Snag in Ethereum merger upgrade results in $157M worth of ETH liquidations in 24 hours

  • ETH lost more than  7 percent in less than 24 hours after the announcement of the beacon chain block reorganization.
  • Ethereum beacon chain experiences a 7-block reorg.

Like other crypto and traditional finance markets, Ethereum is also experiencing intense selling pressure. Our data shows that Ethereum has lost 3.4 percent in the last 24 hours and trades at $1,770. The second leading digital asset’s bad week worsened with this new bearish trend.

ETH’s price has declined by over 16 percent in the last week. Its price of $1,731 as of press, representing a sharp decrease from its price of $2,077 as of May 22.

According to Coinglass data, the loss in ETH value resulted in more than $157m liquidations. Bullish crypto traders were responsible for over 75 percent of these liquidations.

Reasons behind ETH’s recent price dip

There are several reasons for ether’s dip in value. The most notable was the recent suspension of the network’s merge event. The event was already scheduled for August. The event will see the switch of Ethereum from a PoW to a PoS network.

The parallel version of the switch, technically known as the beacon chain, has been operating since December 2020. The completion of this switch will put an end to its PoW version.

However, there was a block reorganization event of the beacon chain on May 25. Such events indicate that there was a temporal fork on the beacon chain. Such forks mean processing several blocks of transactions on another similar version of this beacon chain.

BeaconScan (a top block explorer) claims that the blockchain has been generating blocks without interruption since then. However, Preston Van Loon (a top Ethereum core developer) states that the Ethereum team will soon release a detailed analysis of this event.

A possible high-level security risk

The blockchain reorganization event of the Ethereum beacon chain indicates a possible high-level security risk. A malicious attack or a network failure are the two common causes of a reorganization (also known as a reorg). But, in either case, the blockchain becomes duplicated.

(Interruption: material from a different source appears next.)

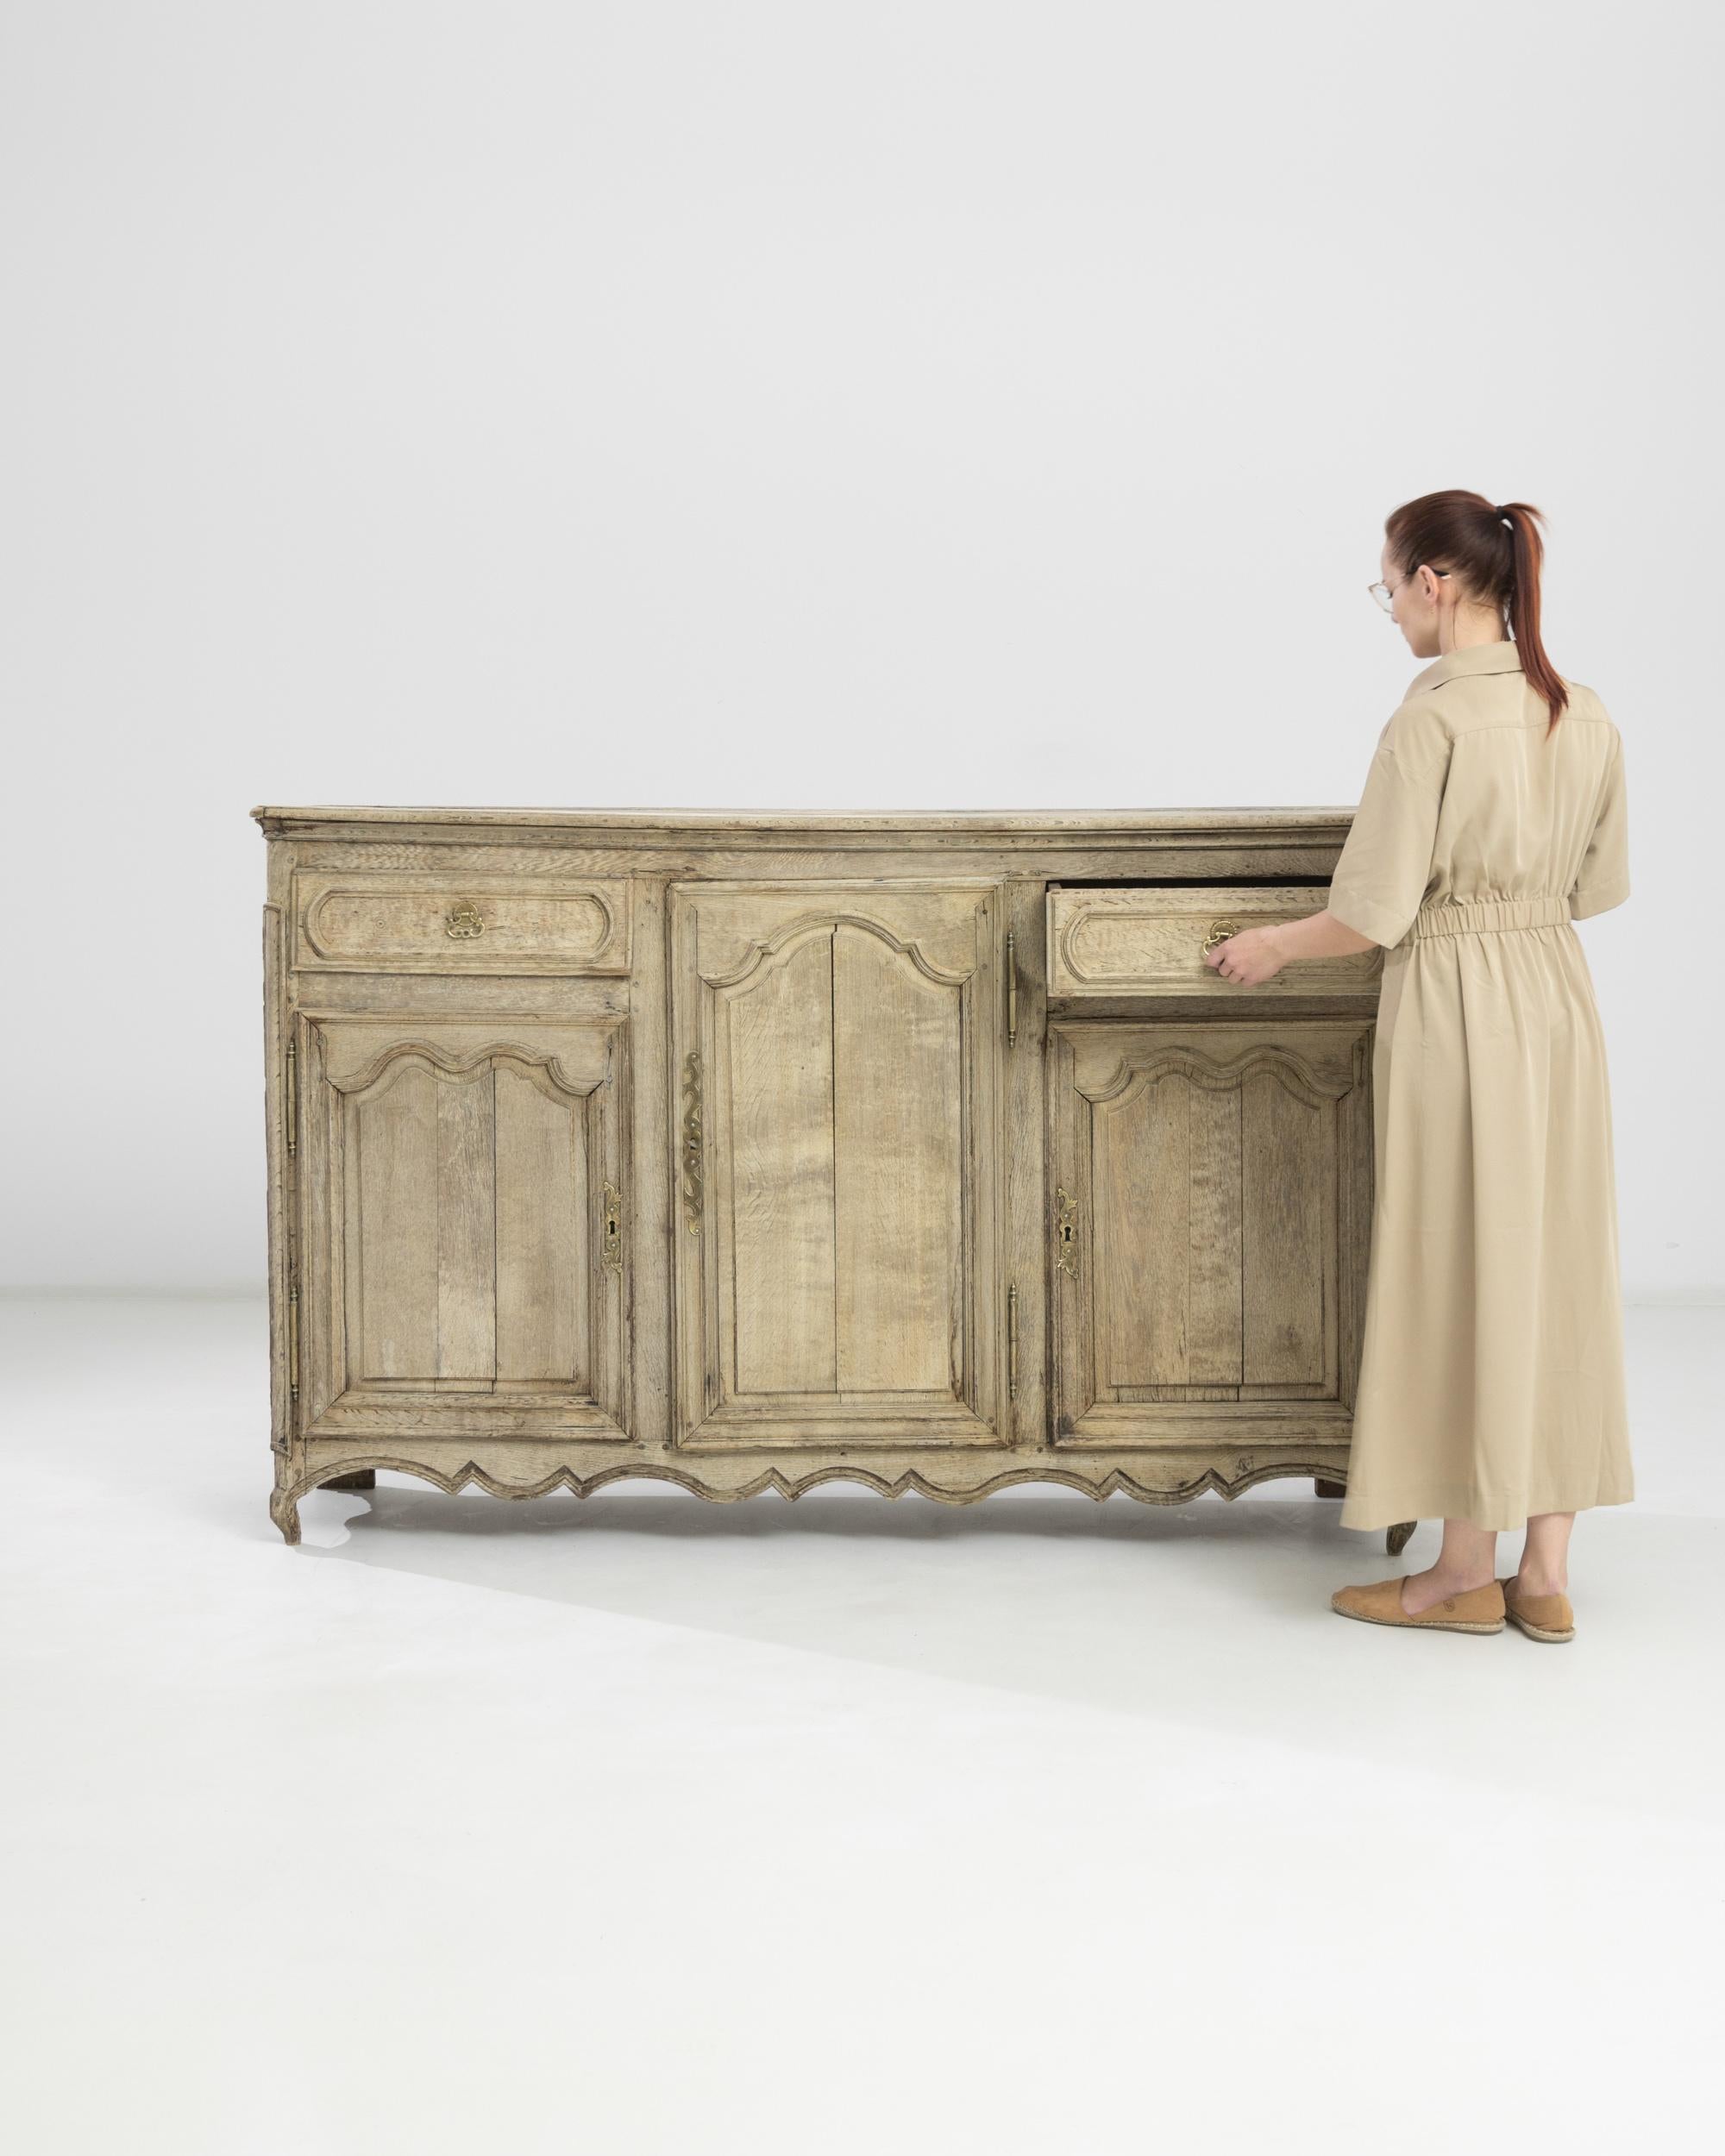 Crafted in France circa 1860, this bleached oak buffet flaunts gentle curvilinear arch carvings on the raised doors, echoed in the waves of the scalloped apron and the bend of its miniature convex legs. The original gilded hardware of the drawers
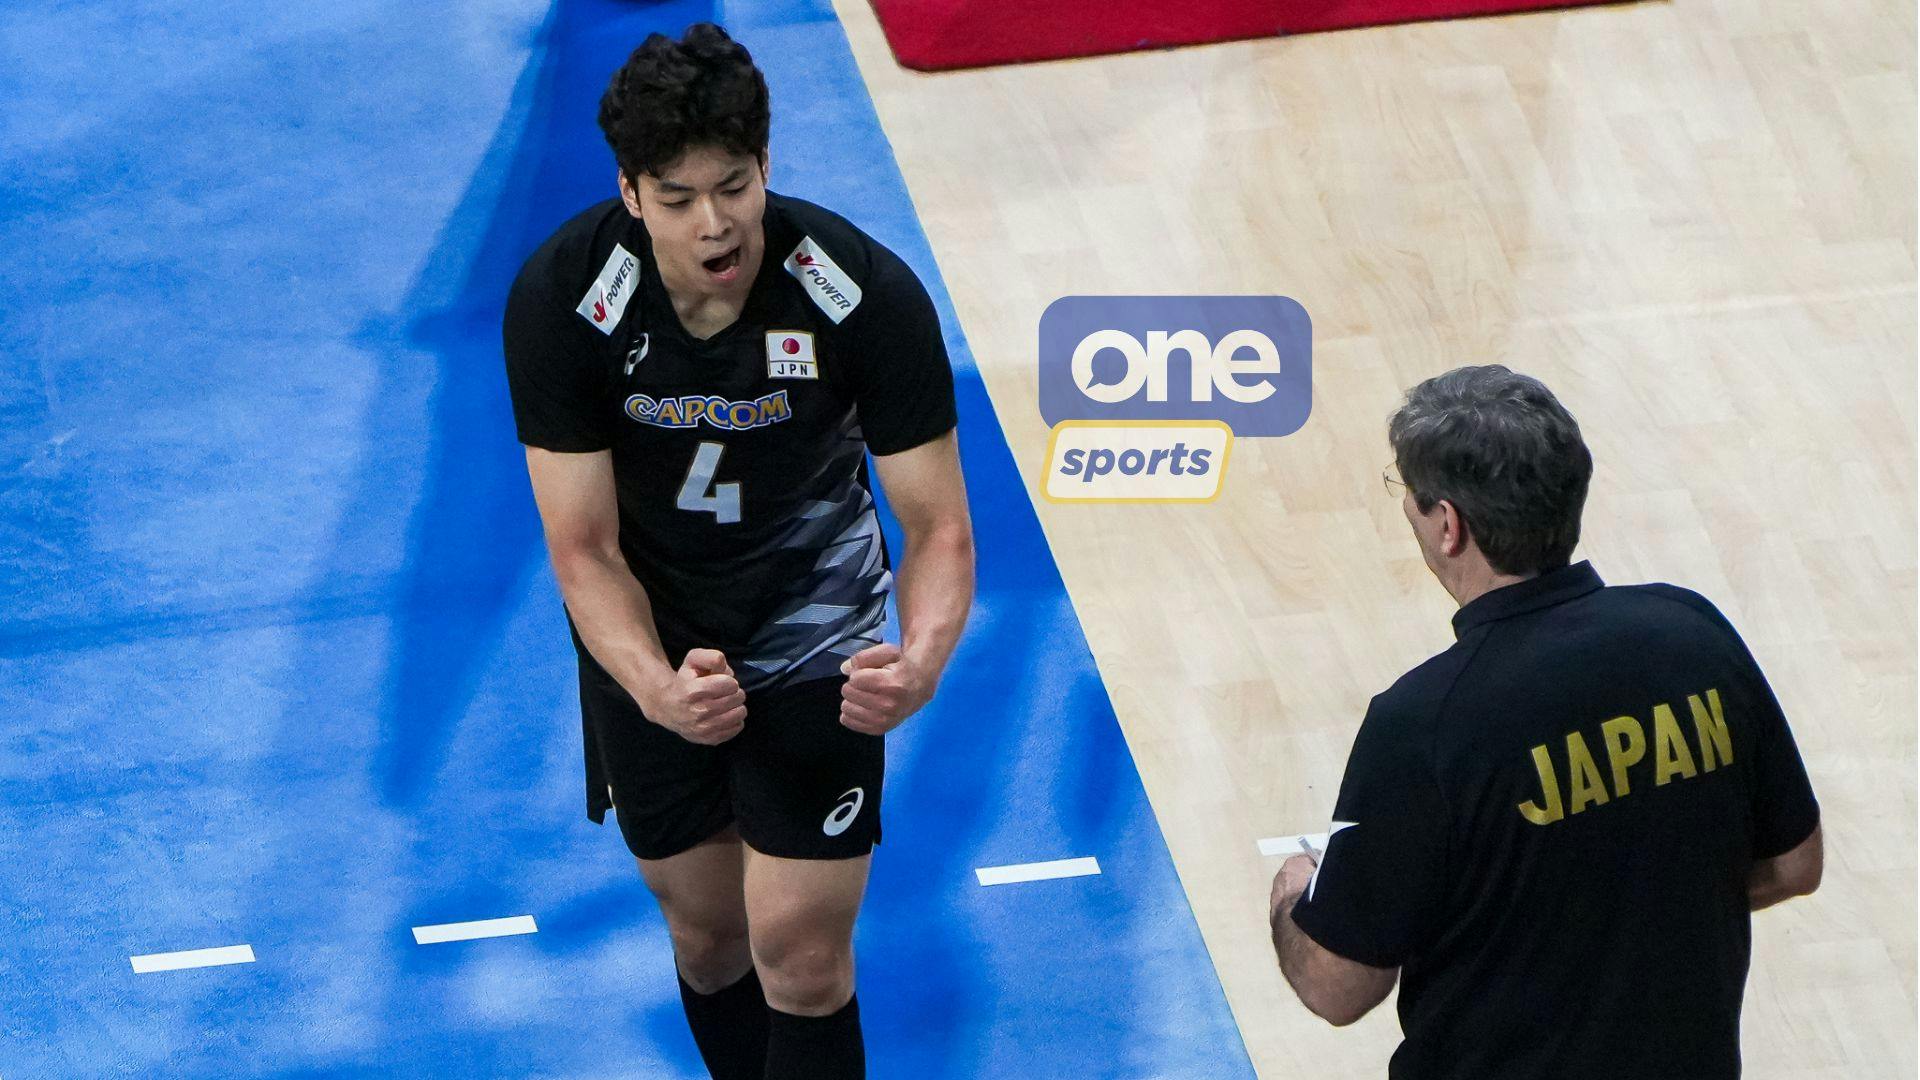 VNL: Kento Miyaura, Japan make history after beating Team USA for the first time after 19 FIVB head-to-head games

The effects of a reorg become more serious if there is no solution to it quickly enough. Gnosis CEO and an insider on the matter, Martin Koppelmann, claim that the beacon chain’s reorg affected seven blocks.

This reorg is the longest in recent memory. The beacon chain will make native staking on the Ethereum network possible. Through staking, validators can start adding blocks to the Ethereum chain.

Staking enables holders to pledge their assets to a blockchain. It is also one of the most common benefits of the PoS mechanism. Hence, if there are any issues with the beacon chain, it will delay the switch of the Ethereum network from a PoW to a pos consensus mechanism.

According to Koppelmann, the reorg is proof that the merge cannot happen yet. Then, he added that “developers might need to reconsider the current nodes’ attestation mechanism. Then, we can hope that the chain becomes more stable.”

A reorg will happen when two miners simultaneously add transaction blocks of equal difficulty to a network. When a reorg happens, there is a duplicate version of the blockchain. The technical term for it is a fork. The miner who wants to add the next block needs to choose one section of the fork as the right one.

Thus, the other section is automatically discarded. A 7-block reorg indicates that seven blocks of transactions have been added to the network before developers put away that section of the fork. Etherscan.io data estimates that there is an average of 250 transactions on each block of the Ethereum chain.

It further adds that these transactions are worth 2 ETH. When there are similar versions on a blockchain, someone can spend the same asset twice. This event can happen even if similar versions exist for a brief period.

If it is done in a harmful way, it is known as the double-spend attack. This double-spend attack was the one that occurred on ZenGo Wallet two years ago. Hackers will send a transaction using the least fee during a double-spend attack. Then, increase the fee instantly to motivate miners to verify the transaction fast.

However, they would channel the funds to a new wallet address. But the reason behind this reorg and the possibility of a double-spend attack isn’t malicious. Miners use certain software to determine the section of the fork they will choose.

That’s the attestation strategy Koppelmann referenced in his Twitter thread above. Some of the network’s core developers and Vitalik Buterin shared insights on Koppelmann’s Twitter thread.

What you should know about reorgs

Buterin also made some clarifications regarding whether the miners were using an out-of-date mining software which could have been the cause of the reorg. Last year, Ethereum CEO and Paradigm CTO, Georgios Konstantopoulos, had a lengthy discussion about reorgs.

Part of the summary from their discussion was that a reorg with over five blocks might indicate a malicious attack. They agreed that network latency could cause up to 2-block reorgs, and that’s fine.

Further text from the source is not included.